- _WORK INSTRUCTION_: Lines from the one with "The baroque mirror, made" to the end of the material, both included: print them exactly and print nothing else. Omit the pictures.

- _DATA EXTRACT_:
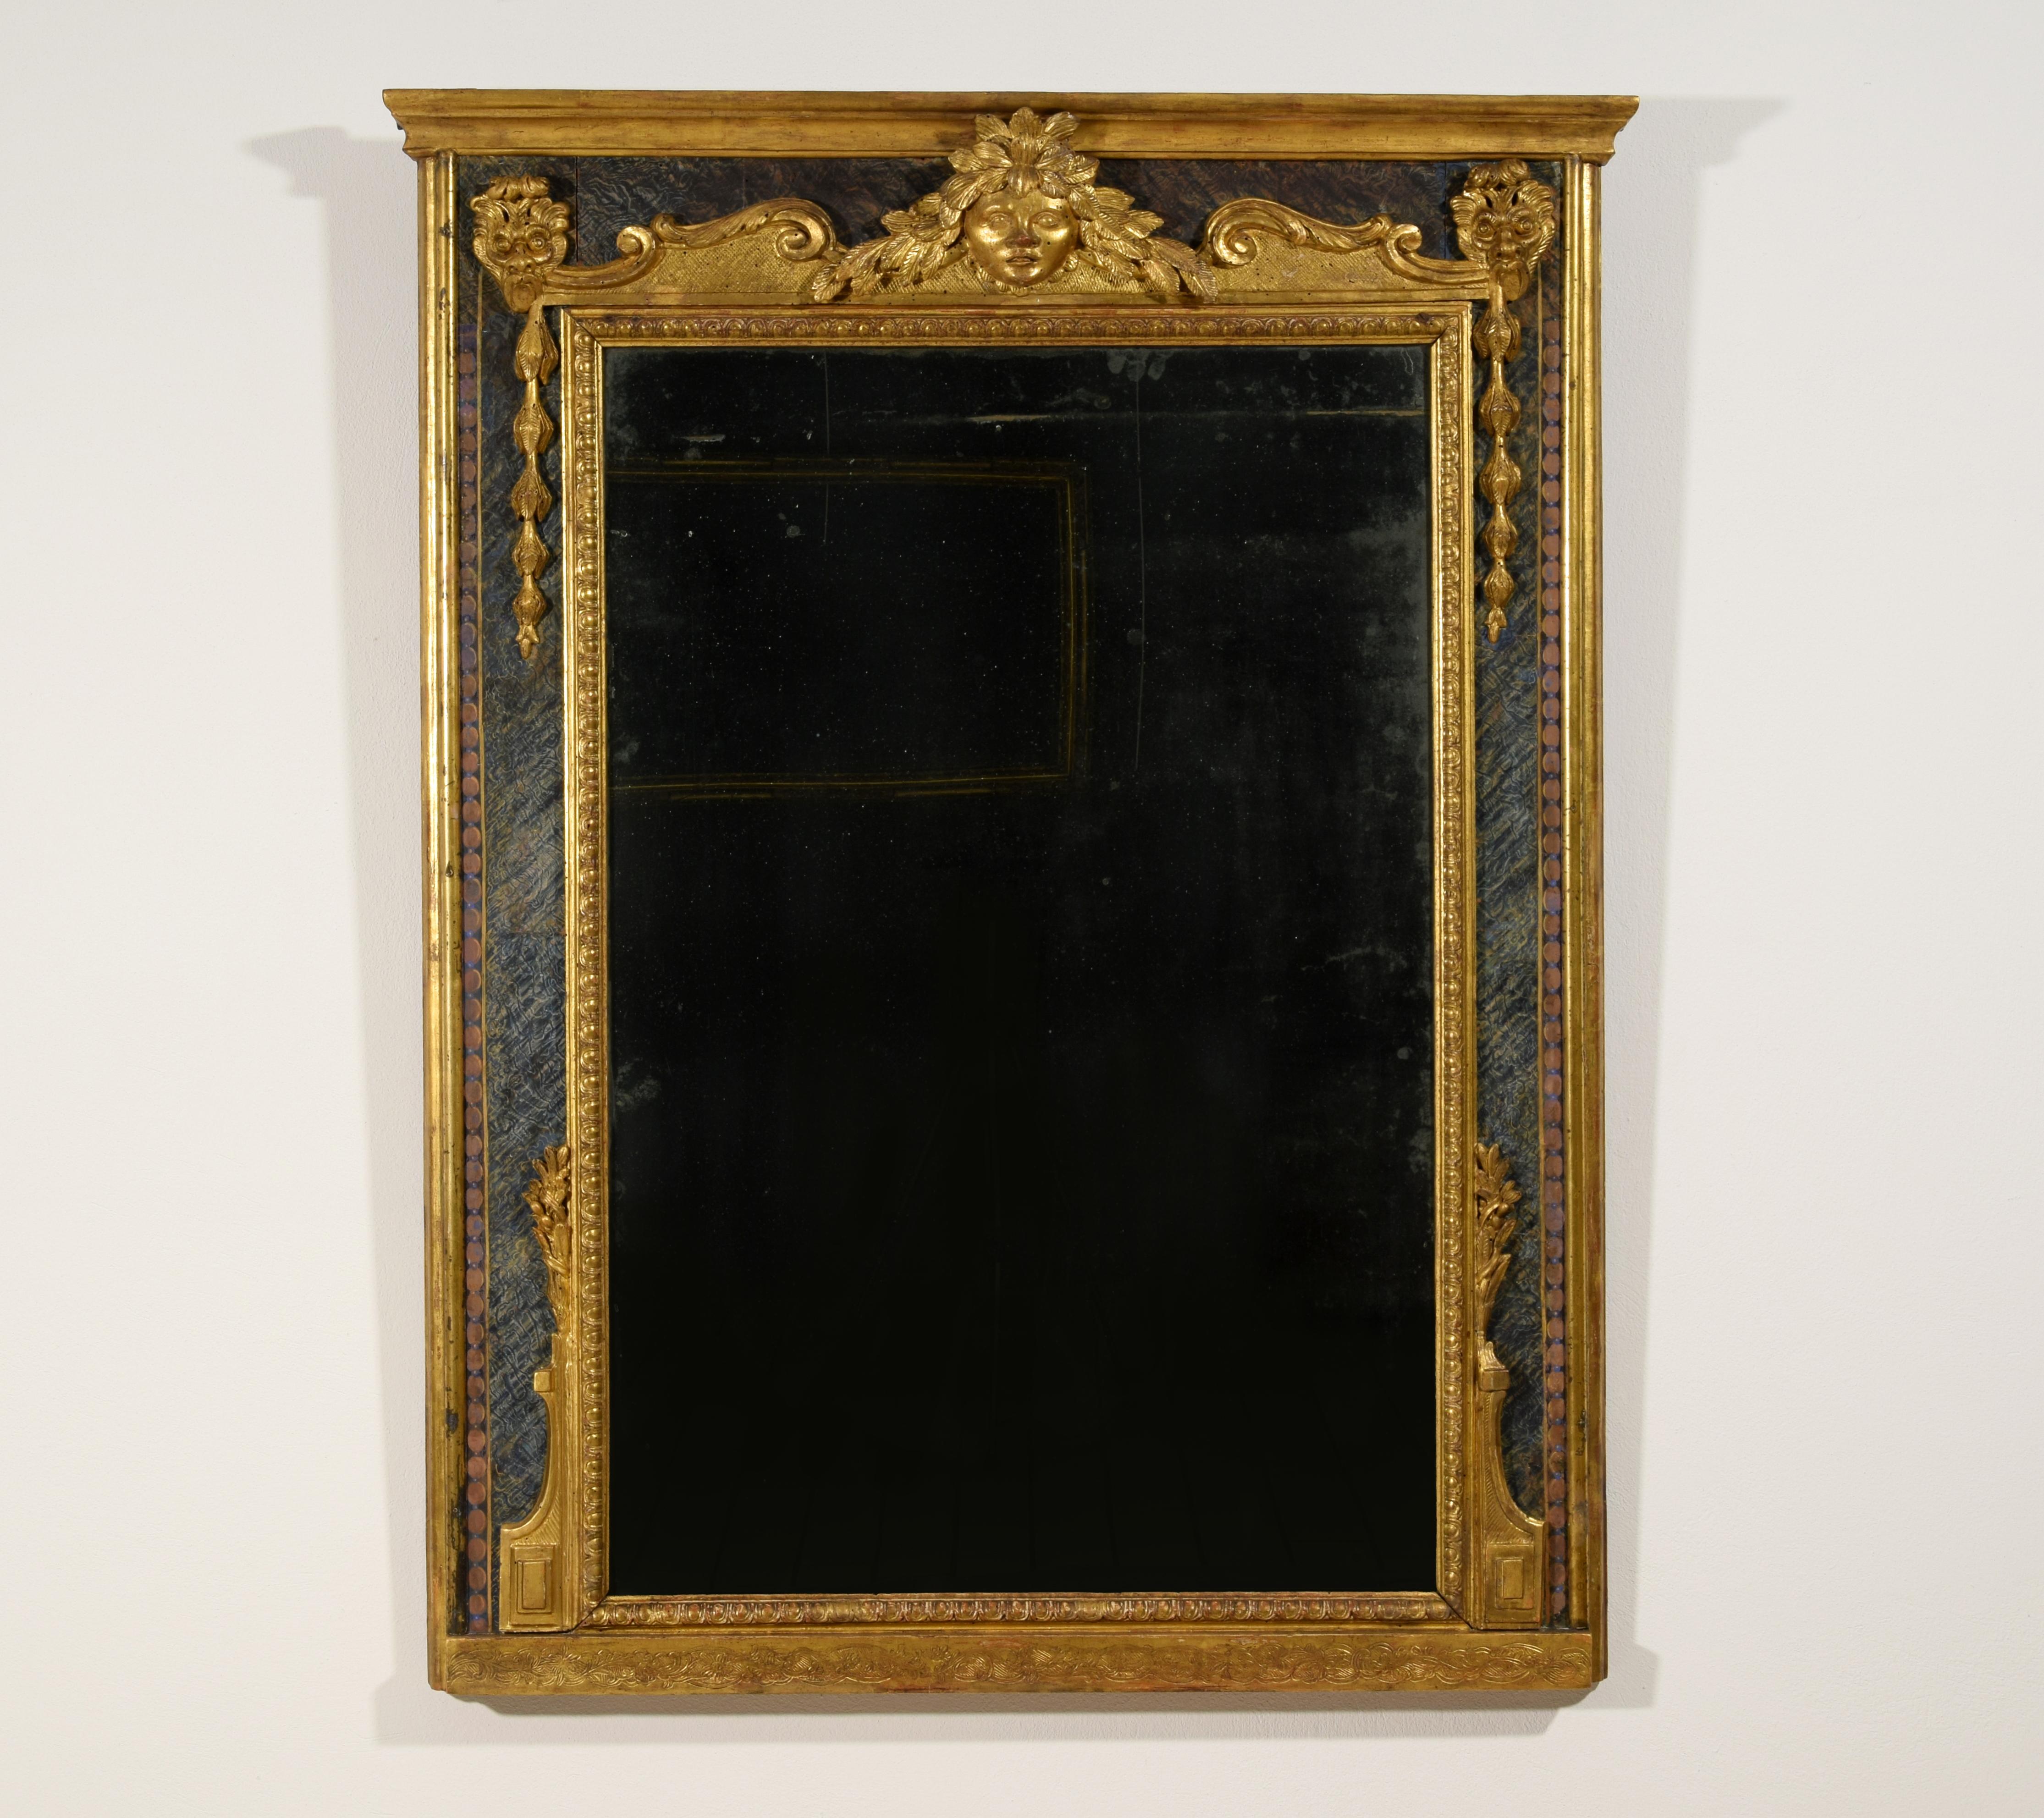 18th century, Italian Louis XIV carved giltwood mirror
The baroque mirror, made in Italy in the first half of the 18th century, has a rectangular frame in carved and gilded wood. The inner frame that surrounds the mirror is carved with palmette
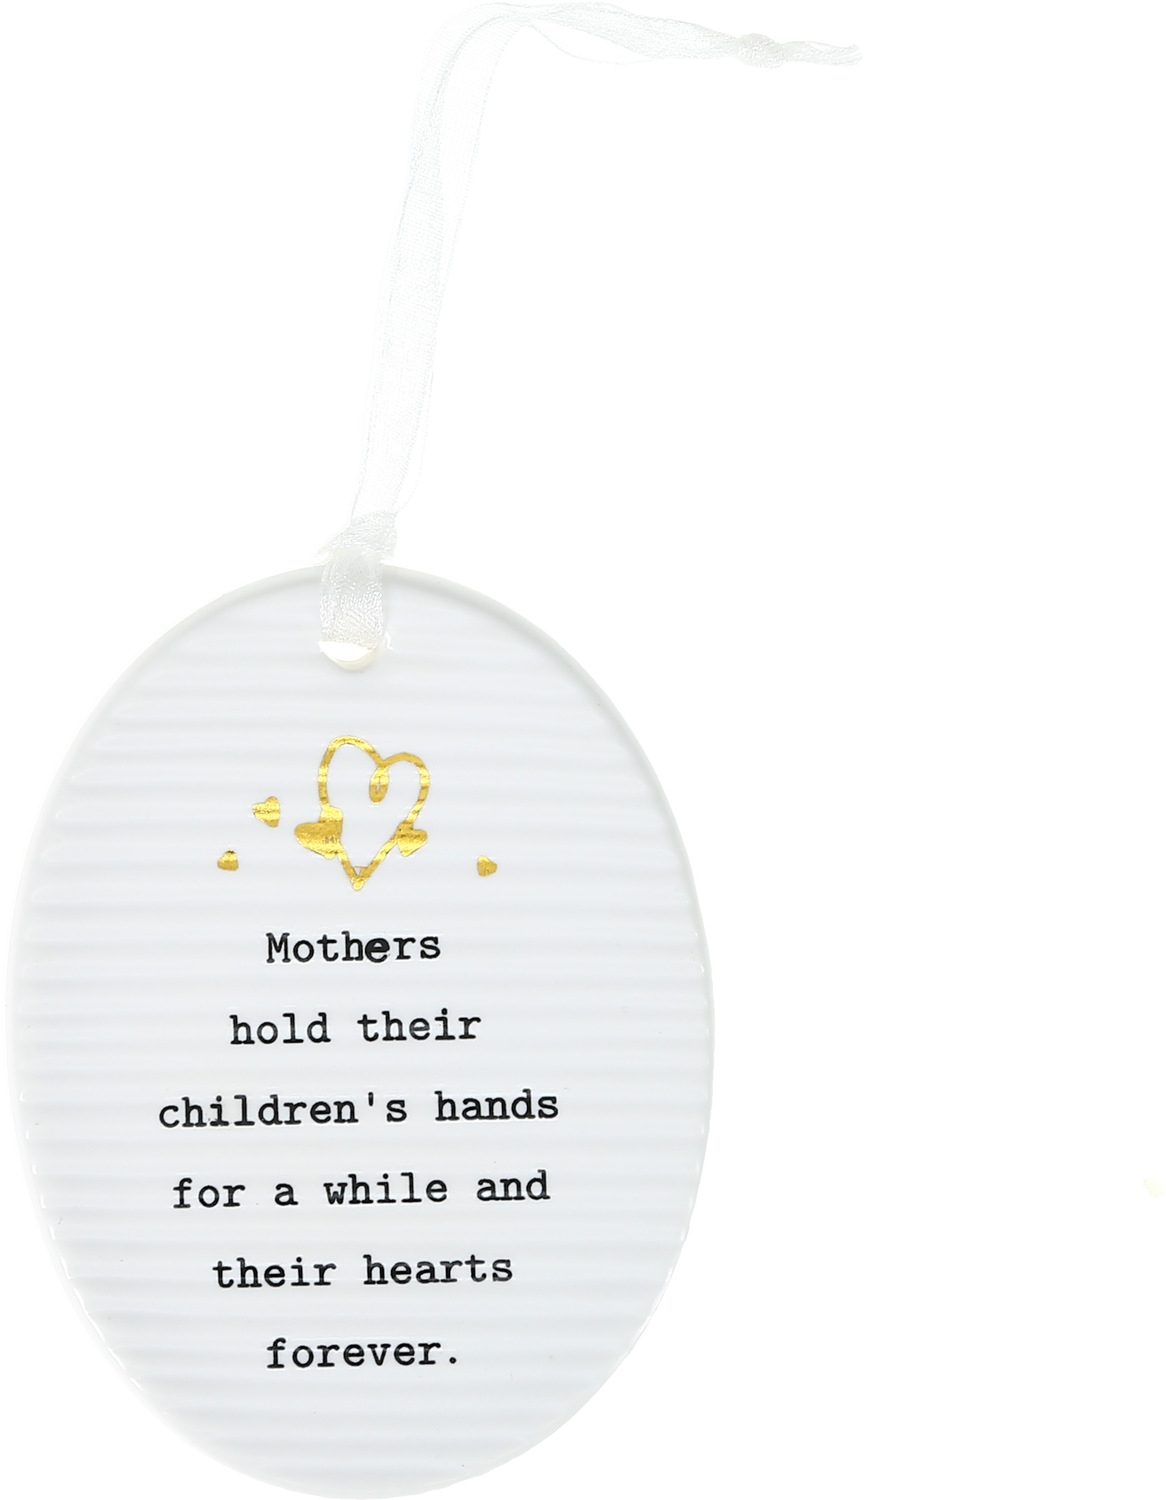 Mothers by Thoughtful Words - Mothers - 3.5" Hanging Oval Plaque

- _SOLUTION TO THE PROBLEM_:
The baroque mirror, made in Italy in the first half of the 18th century, has a rectangular frame in carved and gilded wood. The inner frame that surrounds the mirror is carved with palmette
 Mothers by Thoughtful Words - Mothers - 3.5" Hanging Oval Plaque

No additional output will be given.